Glencaple is a small settlement in the Dumfries and Galloway area of SW Scotland. Situated on the banks of the River Nith, it once served as a port for nearby Dumfries. Glencaple is a Gaelic name meaning 'horse valley' from the words gleann 'narrow valley' and capall 'horse, mare'.

== In the village ==
At the centre of the village is the old quay with The Boathouse (modern eatery and shop), 24-hour public toilets and Public Access Defibrillator (old phone box).  Across the road overlooking the quay is the historic Nith Hotel (meals and accommodation).  Turn left from the quay, cross the bridge over the burn and you come to Vintage on the Nith (antique shop).  Continue along the road and at the very end of the village is Nith Inshore Rescue, our independent (non-RNLI) lifeboat.  A part-time Post Office operates twice a week from the Barbour Hall in Church Street.  The village has a Primary School and, opposite the school, an allotment site established in April 2020.  New housing is being built at the southern end of the village (2021 onwards).

== Local Community ==
Caerlaverock Estate has been in the same family for 800 years. The Caerlaverock Estate website has information on places to stay, the estate farm and much more. The Caerlaverock Community Association website has a wealth of up-to-date information about history, people and events, including the monthly Scottish Women's Institute meetings in Glencaple.

== The Natural World ==
Tidal Bore

If conditions are right, a bore can sometimes be seen sweeping up the river as high tide approaches.

Wildlife

The area's bird life is one of the reasons people visit Glencaple. The mud exposed at low tide attracts large numbers of wildfowl and waders in autumn and winter.  The merse (saltmarsh) across the river is home to Barnacle Geese in winter and breeding waders and skylarks in summer.

Protected Areas

Caerlaverock National Nature Reserve starts just to the south of the village.  Glencaple lies within the Solway Firth SPA (Special Protection Area - designated Dec 2020), the Solway Firth SAC (Special Area of Conservation) and the Nith Estuary National Scenic Area.  The Wildfowl and Wetlands Trust's WWT Caerlaverock reserve is 4 miles to the south.

Walking

Tracks lead along the merse to the north and south of the village but check the tides first.  Up Church Street and on up the Quay Hill waymarked paths leave the road to left and right.

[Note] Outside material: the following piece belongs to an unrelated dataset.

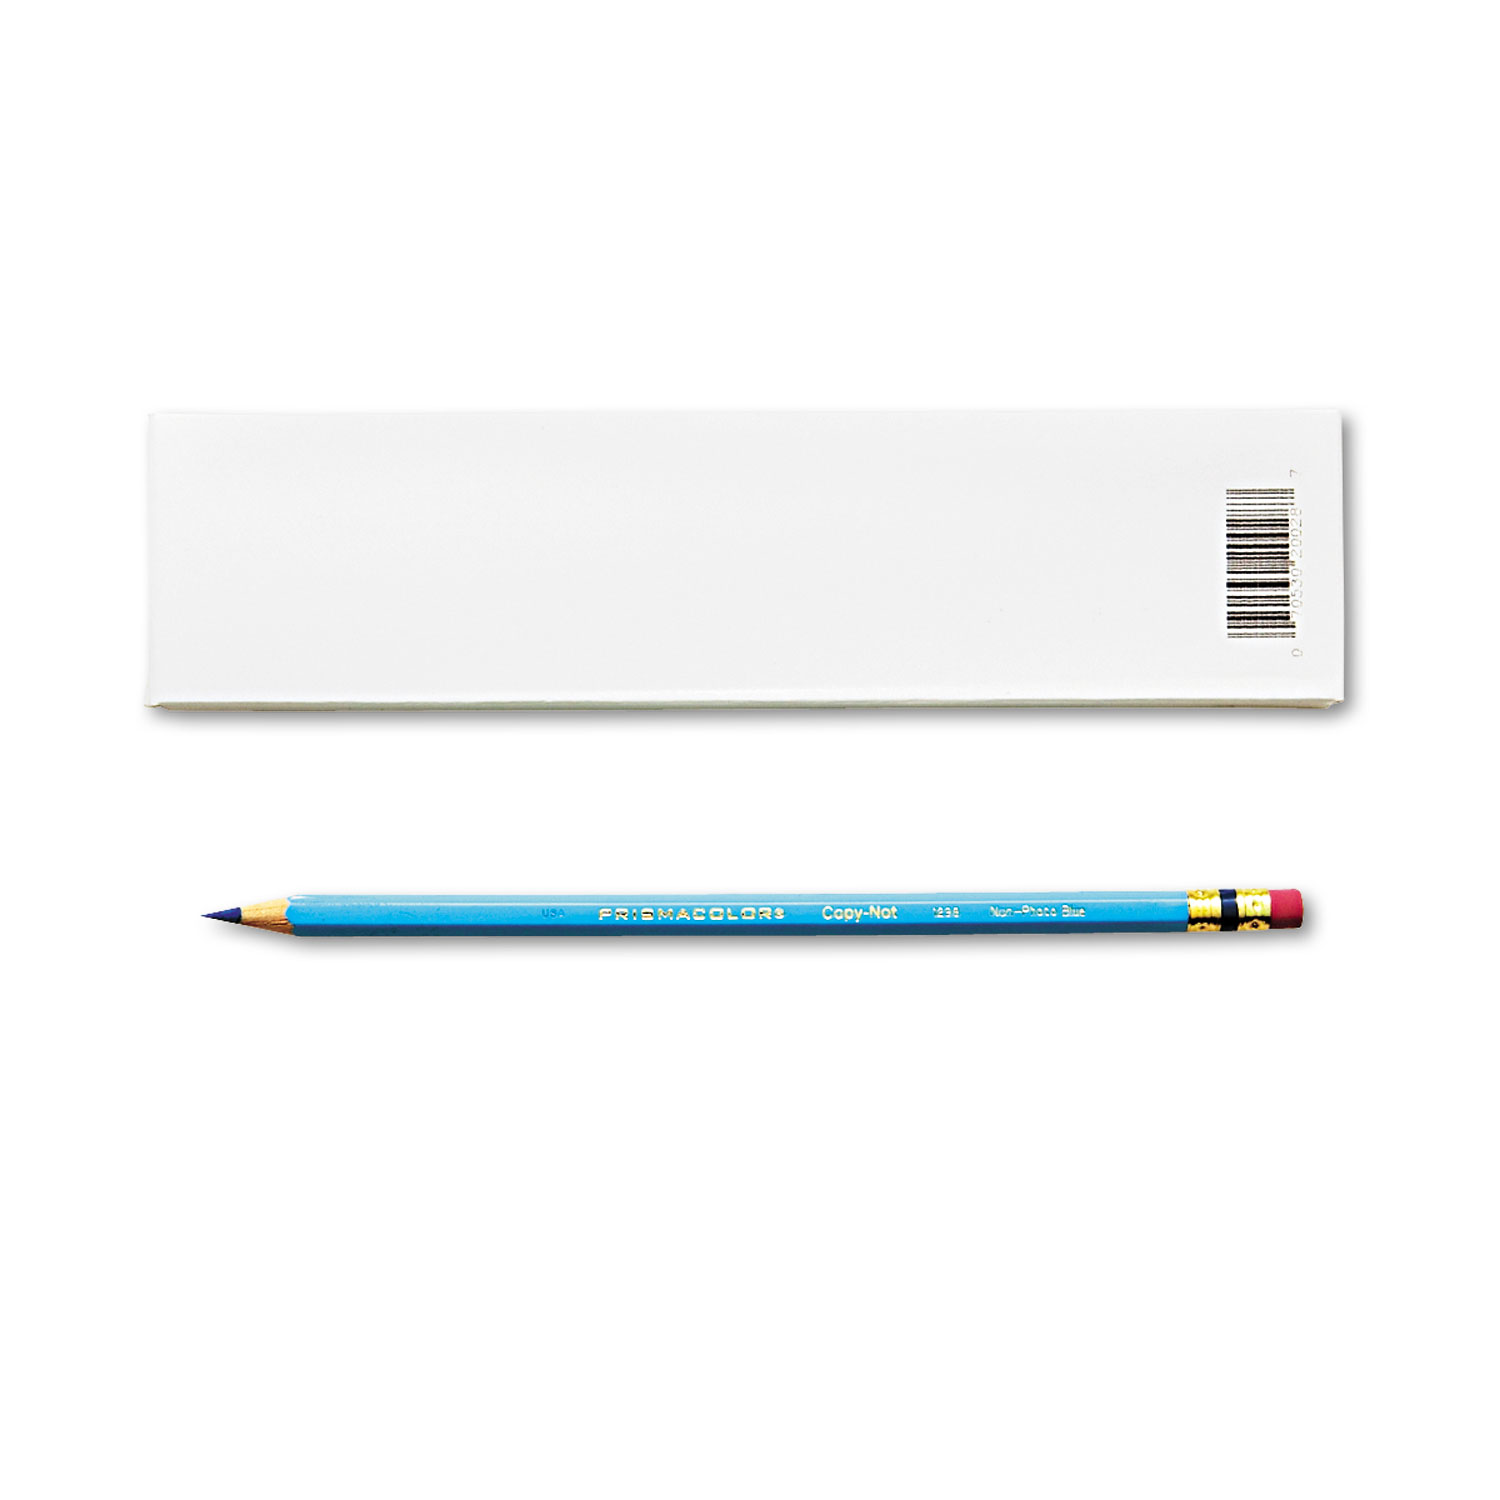  Prismacolor 20028 Col-Erase Pencil with Eraser, 0.7 mm, 2B (#1), Non-Photo Blue Lead, Non-Photo Blue Barrel, Dozen (SAN20028)

== Other places of interest ==
Caerlaverock Castle

== Opening of The Boathouse, 2012 ==
On 7 September 2012, Princess Alexandra opened the Caerlaverock Shop and Tearoom in Glencaple, accompanied by the Lord-Lieutenant of Dumfries, Jean Tulloch. The tearoom was originally operated by Lady Mary Mumford, a former lady-in-waiting to Princess Alexandra, and her sister, Baroness Herries. It is now overseen by Lady Clare Kerr, Lady Mary's niece.